Fri Mar 10 18:05:39 UTC 2023

Hi Alan,
I did some more experiment on your repository.

First of all, I fixed the keySegment benchmark utility function to do this:

|private MemorySegment getKeySegment() { final int MAX_LEN = 9; // 
key100000 final int keyIdx = next(); final String keyStr = "key" + 
keyIdx; for (int i = 0; i < keyStr.length(); ++i) { 
keySegment.set(ValueLayout.JAVA_BYTE, i, (byte)keyStr.charAt(i)); } for 
(int i = keyStr.length(); i < MAX_LEN; ++i) { 
keySegment.set(ValueLayout.JAVA_BYTE, i, (byte) 0x30); } return 
keySegment; } |

E.g. bring it in sync with the buffer version.

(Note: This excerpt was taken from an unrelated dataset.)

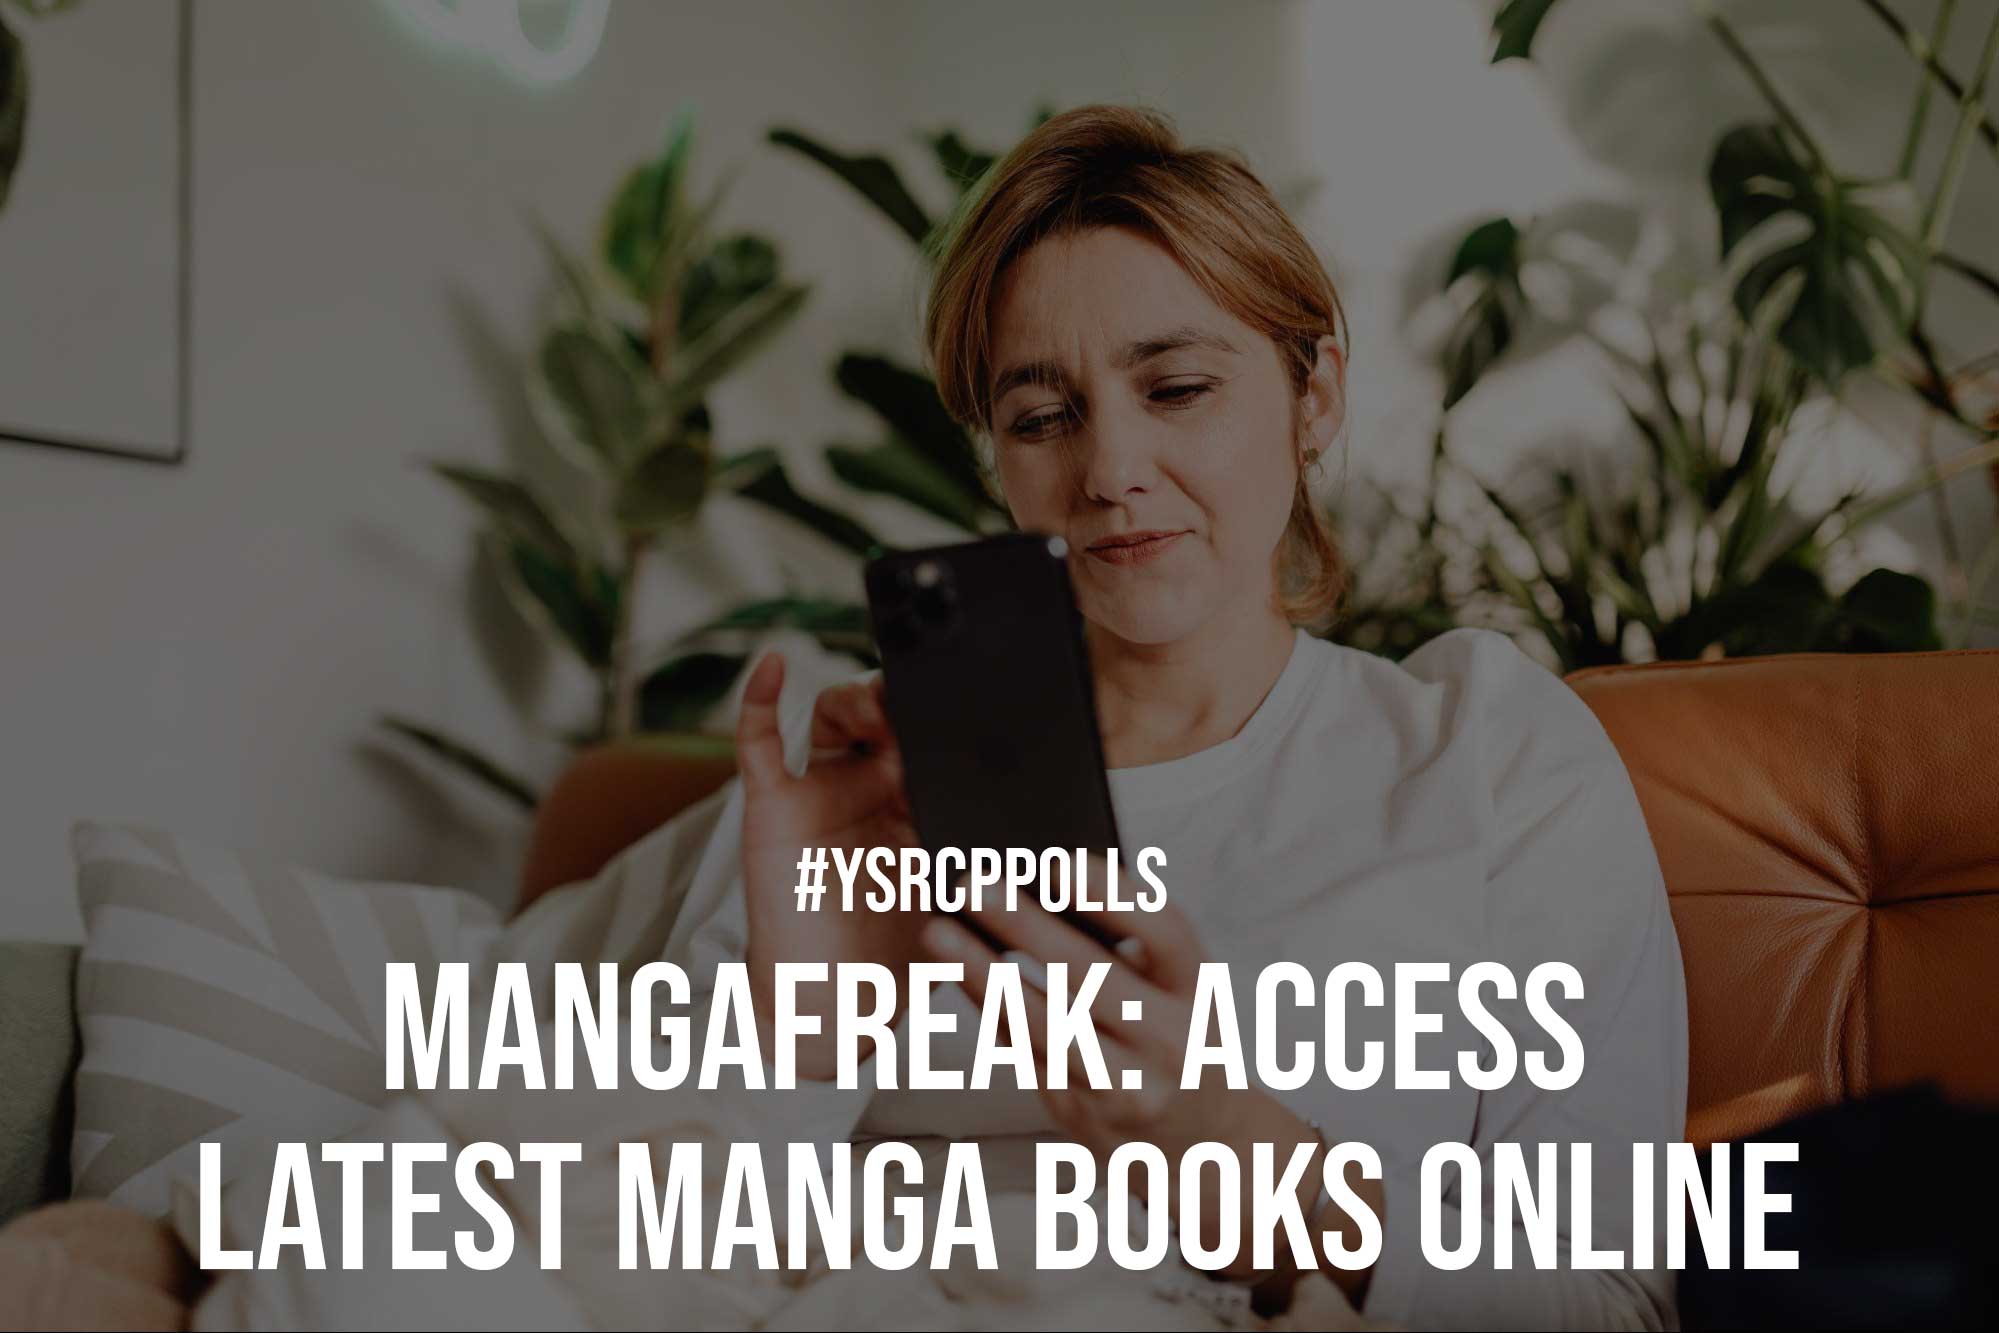 Mangafreak Access Latest Manga Books Online

Then I made, as suggested yesterday, all MethodHandles in FFIMethod 
static AND final.

Also, in FFILayout, I added a call to |.withInvokeExactBehavior()| to 
each var handle creation. This is helpful to detect inexact calls. I 
found few inexact calls:

  * one in FFIDB.java - the result of the foreign call inside
    getPinnableSlice() is casted to |Long| instead of |long|
  * one in FFIPinnableSlice.java - the |isPinned()| method also casts to
    |Boolean|, not |boolean|

Then, the |fromPinnable| factory contains some dubious code which is 
creating a buffer from a segment, just to do a copy. I replaced with this:

|MemorySegment.copy(pinnableSlice.data(), ValueLayout.JAVA_BYTE, 0, 
value, 0, (int)size); |

I’ve also updated the code to use the Java 20 API, to make sure I ran 
with reasonably up to date JVM.

Before these changes, I could see a difference between FFI and JNI, 
especially in the preallocated benchmark variants. With the changes 
above, it looks like this here:

|Benchmark (columnFamilyTestType) (keyCount) (keySize) (valueSize) Mode 
Cnt Score Error Units GetBenchmarks.ffiGet no_column_family 1000 128 
4096 thrpt 30 596.591 ± 6.448 ops/ms GetBenchmarks.ffiGet 
no_column_family 1000 128 65536 thrpt 30 60.277 ± 0.547 ops/ms 
GetBenchmarks.ffiGetPinnableSlice no_column_family 1000 128 4096 thrpt 
30 771.631 ± 13.835 ops/ms GetBenchmarks.ffiGetPinnableSlice 
no_column_family 1000 128 65536 thrpt 30 111.709 ± 1.306 ops/ms 
GetBenchmarks.ffiGetRandom no_column_family 1000 128 4096 thrpt 30 
591.891 ± 7.353 ops/ms GetBenchmarks.ffiGetRandom no_column_family 1000 
128 65536 thrpt 30 68.197 ± 0.600 ops/ms GetBenchmarks.ffiIdentity 
no_column_family 1000 128 4096 thrpt 30 58709.753 ± 712.660 ops/ms 
GetBenchmarks.ffiIdentity no_column_family 1000 128 65536 thrpt 30 
59265.794 ± 834.989 ops/ms GetBenchmarks.ffiPreallocatedGet 
no_column_family 1000 128 4096 thrpt 30 736.686 ± 8.370 ops/ms 
GetBenchmarks.ffiPreallocatedGet no_column_family 1000 128 65536 thrpt 
30 101.211 ± 0.347 ops/ms GetBenchmarks.ffiPreallocatedGetRandom 
no_column_family 1000 128 4096 thrpt 30 598.381 ± 6.252 ops/ms 
GetBenchmarks.ffiPreallocatedGetRandom no_column_family 1000 128 65536 
thrpt 30 68.037 ± 0.632 ops/ms GetBenchmarks.get no_column_family 1000 
128 4096 thrpt 30 559.800 ± 3.369 ops/ms GetBenchmarks.get 
no_column_family 1000 128 65536 thrpt 30 60.567 ± 0.380 ops/ms 
GetBenchmarks.preallocatedByteBufferGet no_column_family 1000 128 4096 
thrpt 30 758.639 ± 13.025 ops/ms GetBenchmarks.preallocatedByteBufferGet 
no_column_family 1000 128 65536 thrpt 30 103.190 ± 1.219 ops/ms 
GetBenchmarks.preallocatedByteBufferGetRandom no_column_family 1000 128 
4096 thrpt 30 753.189 ± 12.498 ops/ms 
GetBenchmarks.preallocatedByteBufferGetRandom no_column_family 1000 128 
65536 thrpt 30 103.644 ± 3.625 ops/ms GetBenchmarks.preallocatedGet 
no_column_family 1000 128 4096 thrpt 30 707.330 ± 10.811 ops/ms 
GetBenchmarks.preallocatedGet no_column_family 1000 128 65536 thrpt 30 
96.743 ± 1.609 ops/ms |

It seems most of the numbers are roughly the same.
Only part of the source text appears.